Marypaz, Savannah, and I met up with one of our other roommates Casey who had travel horror stories of her own as she was meeting us in Ibiza from Barcelona. Us four girls spent the next two days in complete relaxation. We spent all of our time exploring the city, drinking lots of sangria, eating, and getting some much missed sun. It wasn’t as warm as we had hoped, but we didn’t have any rain and were able to sit out in the sun for hours on end. The island of Ibiza is a HUGE party island, but since it was off-season we were able to stay in a nice hotel for a super cheap price and enjoy the city without it being packed with tourists. We ate tapas and paella, enjoyed 89 cent wine, looked out at the beach, and enjoyed each others fantastic company. Unfortunately, our two days in Spain ended much too soon, and after 12 hours of travel (flying from Ibiza to Barcelona, Barcelona to Dublin, then a 4 hour bus ride back to Cork) we were back home.



This week will be spent catching up with the friends. I can’t even imagine how difficult it will be to leave them when summer comes because I missed them all too much after not being with them for a week. I will write my final paper for school and be completely finished and ready for more travel come early May. Up next: my nerd self will once again come alive as Marypaz, Conor, and I will venture to Belfast so we can go on the Game of Thrones tour aka sights where they filmed Winterfell, the Twins, and a number of other countryside scenes. More later!

March Madness

March Madness

I know it has been awhile since I have last been able to blog but I have been slammed with both schoolwork and other crazy events. When I last checked in I was about to head off to Scotland. Scotland was 10 times more fun then I ever expected. To be honest, I had zero expectations for the weekend and I was completely blown away from my visit. The trip started with a scare, the scare being that I sat next to two Scottish businessmen on the plane and I could barely understand a single word they said. Both tried to make a joke with me and I laughed (hopefully appropriately?) and then they had to ask me about 3 times before I could understand that they were just wondering where I was going and how many of us there were. Getting off the plane, I turned to my friends and told them that this weekend would be a bit rougher than expected. However, as the next few days went by I realized that while I still had trouble understanding some words, those two men must have the thickest Scottish accent on this earth.
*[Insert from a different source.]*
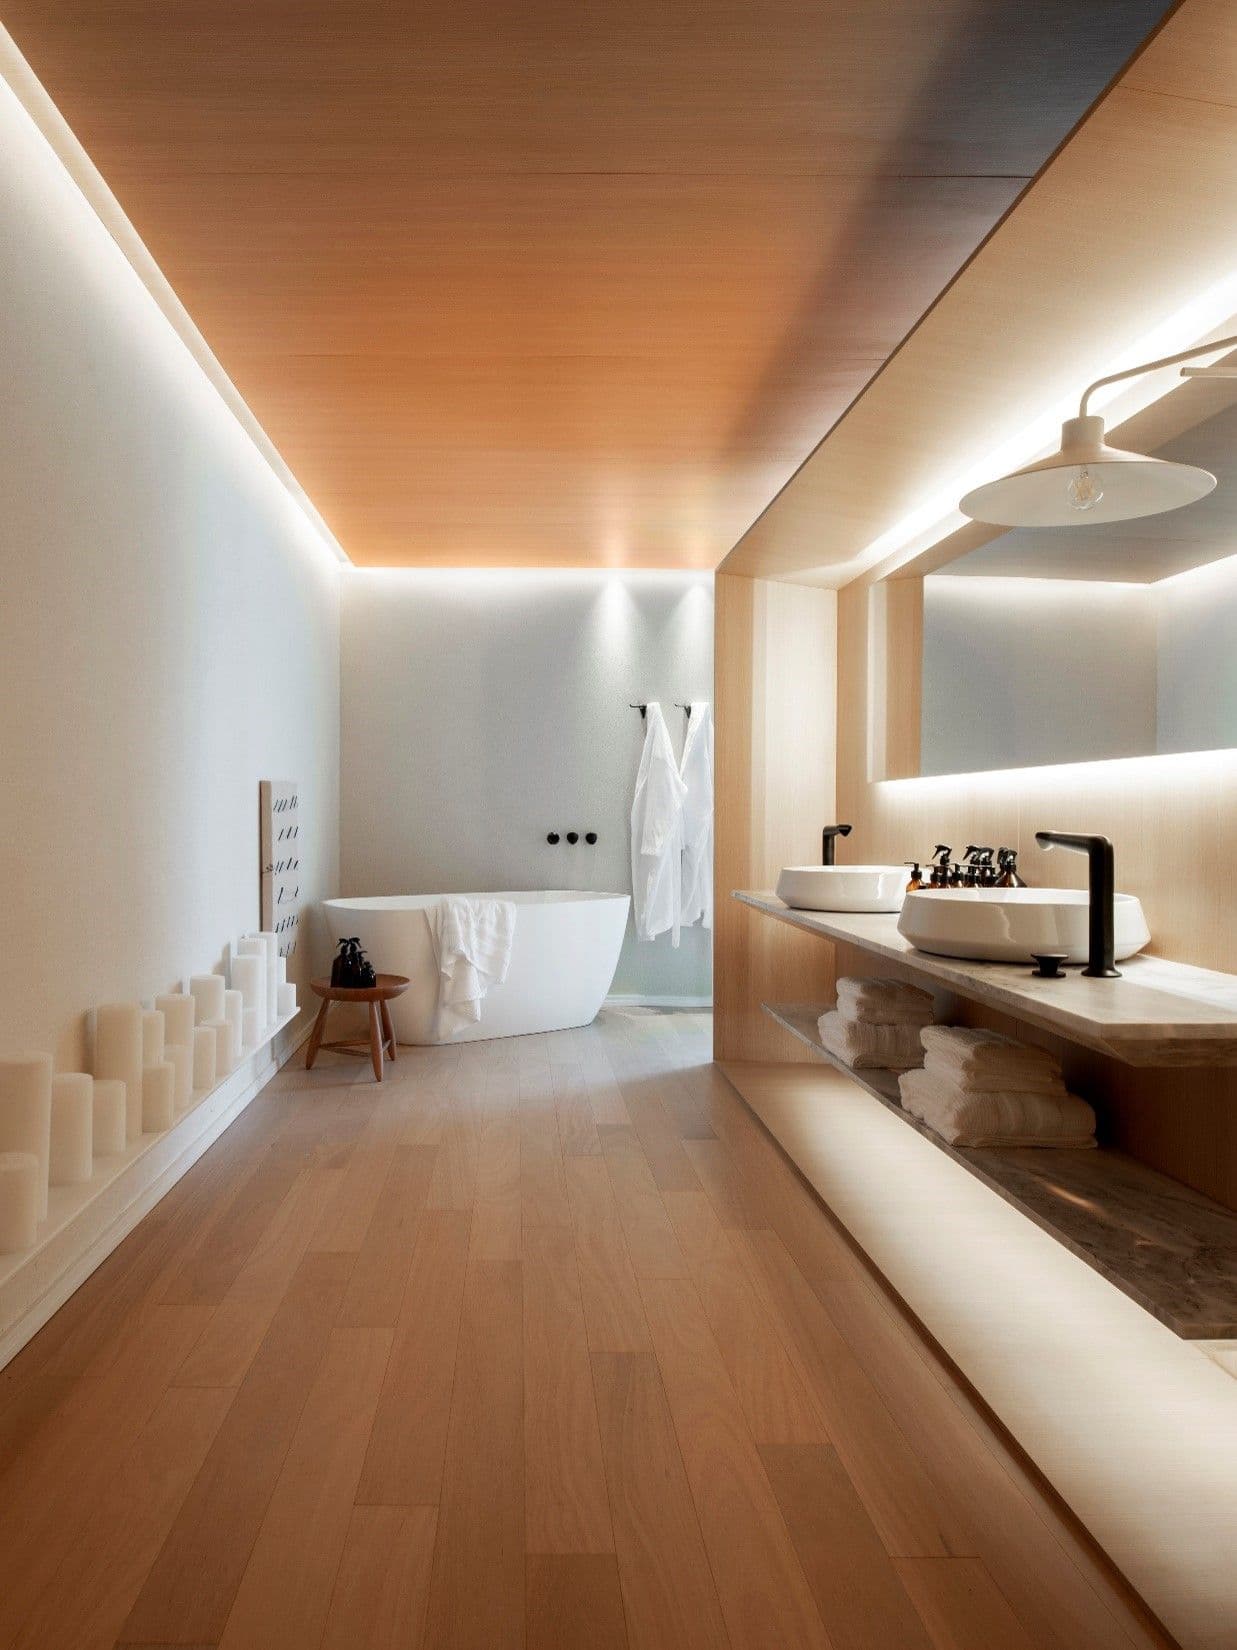 pisos-para-banheiro-4-modelos-para-se-inspirar.jpg

The reasoning behind the trip to Scotland was because our friend Kristen actually has two friends who live in Glasgow. As a result of this great luck, one of her friends was nice enough to pick us up from the airport and drive us to our hostel. My expectations for hostels has also officially sunk over time. When we arrived at our hostel we were a bit worried seeing as a Buzzfeed article had been published about the hostel and it’s not so great living conditions. Upon arrival, our hostel check in was actually across the street from where we would be sleeping. The room had 4 bunk beds, and since there were 7 of us we would only be living with one stranger–an upside compared to Dublin. However, I cannot begin to explain how wrong we could possibly be. Our roommate, who we named Pitbull because he was fat, bald, and annoying, was quite possibly the worst person you could ever share a room with. He snored louder than I have ever heard a person snore in my entire life. I don’t think he was breathing for part of the time. He would not only snore continuously and loudly, he would also shout in his sleep and make other disgusting noises. I maybe slept 3 hours the first night.

However, a bad nights sleep did not prevent us from having a fantastic first full day in Scotland. We woke up bright and early on Friday and took the train from Glasgow to Edinburgh. It was a quick 40 minute train ride and we arrived with the whole day ahead of us. We first went to the Edinburgh Castle, which I once again knew nothing about, and was a little irritated when I found out I had to pay 16 pounds to get in. However, I was completely wrong as the castle was INCREDIBLE. It had about 6 mini-museums throughout the castle so I was able to learn about the history of Scotland’s military, the history of the castle, go into rooms where POWs were held, walk through a few war memorials, tour beautiful rooms, and see the crowned jewels (which later sparked the debate about whether you would rather have a scepter or a wand). We spent a few hours wondering around the castle and taking a number of photos. The castle also provided a gorgeous view of Edinburgh which has a perfect mix of both new and historical buildings. But just when you thought the day couldn’t get any better, something glorious happened– Harry Potter.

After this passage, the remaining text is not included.